La totalité des sanctions occidentales adoptées en réponse à la guerre en Ukraine n’est toujours pas connue, leur effet encore difficilement mesurable, que déjà se pose une question : la fameuse résilience russe pourrait-elle être mise à mal ? Aucune panique ne se manifeste dans le pays, mais une fébrilité évidente. Son premier symptôme : les longues files d’attente devant des distributeurs de billets parfois à sec.
Durant le week-end, c’est vers les devises étrangères, gage de sécurité, que se tournaient les Russes ; lundi, de nombreux distributeurs ne donnaient que des sommes limitées, même s’agissant des roubles. En 2014, après de premières sanctions infligées déjà pour la guerre en Ukraine et l’annexion de la Crimée, aucun mouvement de la sorte n’avait été observé. Le choc anticipé pourrait plutôt s’apparenter à celui de 1998, crise financière dont le traumatisme est toujours présent en Russie.
Il est un autre indicateur dont les Russes, quasi instinctivement, savent surveiller les soubresauts. Celui des taux de change du dollar et de l’euro, qui s’affichent en caractères lumineux dans les rues, sur les devantures des bureaux de change. Le chiffre des 100 roubles pour 1 dollar n’avait jamais été dépassé dans l’histoire ; il est monté, lundi 28 février, jusqu’à 109 roubles, et l’euro jusqu’à 127 roubles.
Des prix qui changent plusieurs fois par jour
Dans un pays où 43 % des habitants disent ne pas avoir la moindre épargne, l’effet peut être dévastateur, et ce alors que les prix des produits de première nécessité ont déjà fortement augmenté depuis un an et que le niveau de vie a reculé en continu depuis 2013. Les prix des biens électroniques ou des voitures se sont déjà envolés. Dès le 25 février, les Russes s’étaient rués dans les magasins d’électronique en anticipant la crise. Ensuite, on a vu des vendeurs changer les prix plusieurs fois par jour.
L’inquiétude est encore contenue, devant un distributeur de la banque Raiffeisen dans le centre de Moscou. La banque ne fait pas partie de celles qui devraient être visées par l’exclusion du système de communications Swift, mais comme le dit Pavel P., « on a connu trop de chocs pour ne pas être un peu prudents ». La machine, elle, refuse de donner plus que 10 000 roubles (environ 85 euros). « On sait que les Occidentaux nous imposent des sanctions pour tout et n’importe quoi », précise cet homme d’une cinquantaine d’années.

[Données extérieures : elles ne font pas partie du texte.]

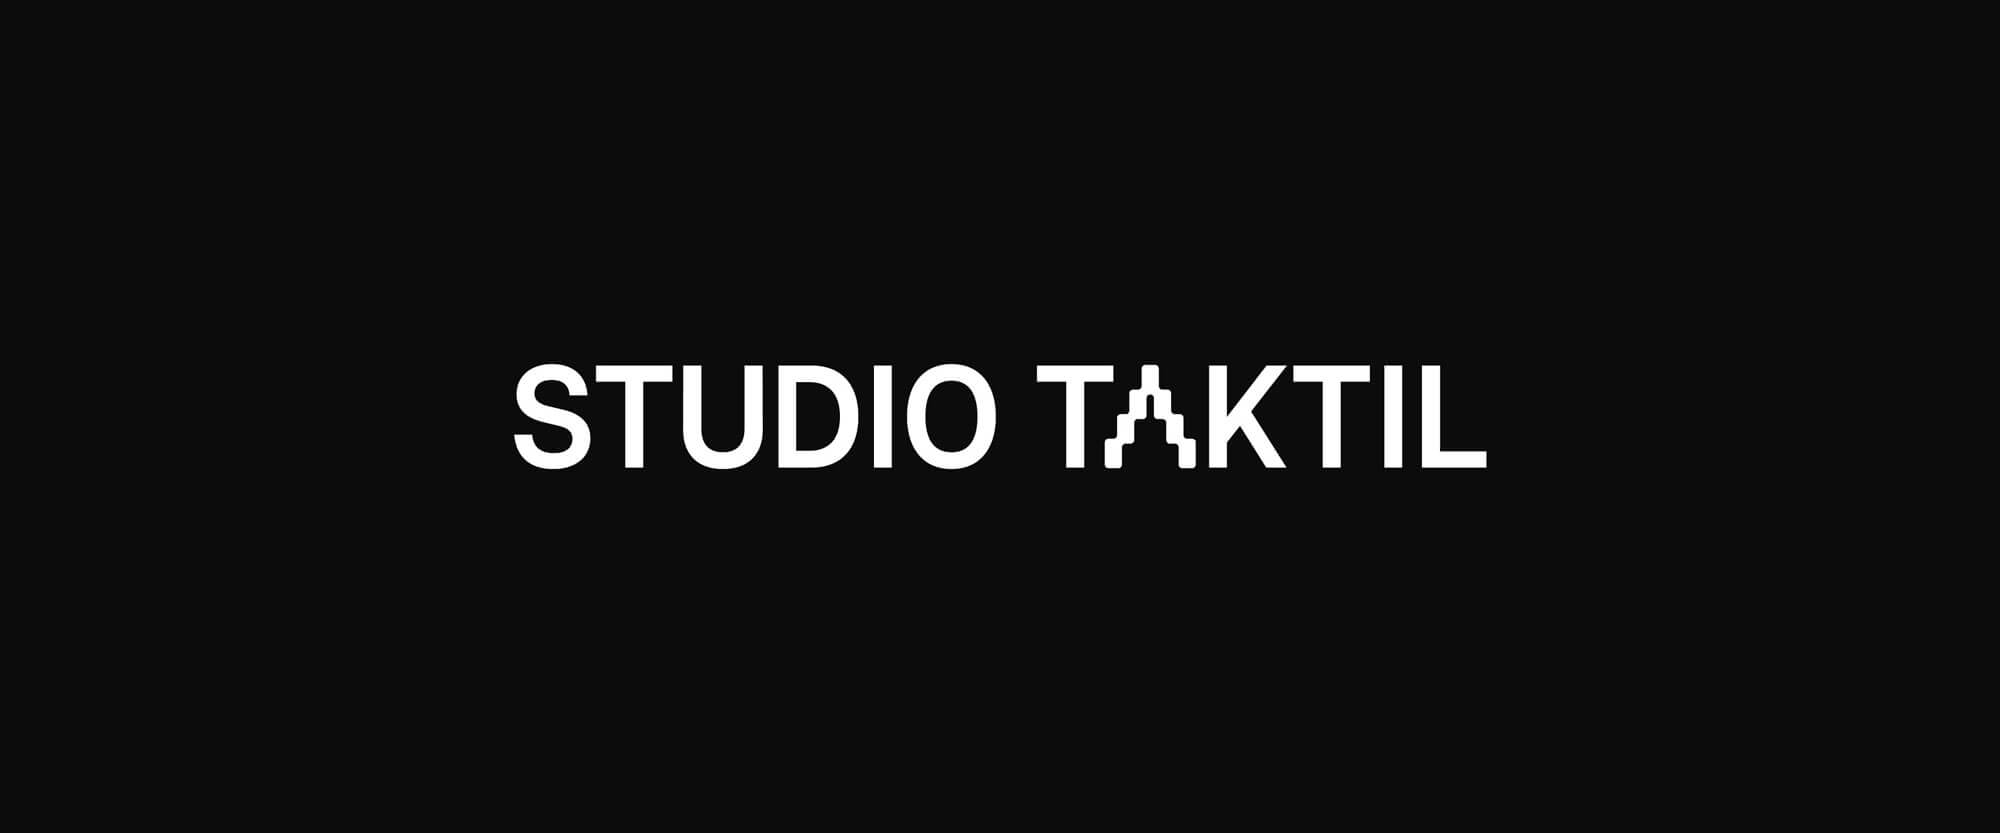 taktil_logo

C’est précisément la ligne de la télévision, qui s’est massivement emparée du sujet sanctions pour dénoncer une nouvelle attaque de l’Occident. « Ce ne sont pas les oligarques qui sont visés mais le peuple, dénonçait dimanche soir le présentateur vedette Vladimir Soloviev. Uniquement pour ce que nous sommes, pour nos noms russes. » Le lien avec la guerre en Ukraine, rendue quasiment invisible dans les médias, n’est pas fait.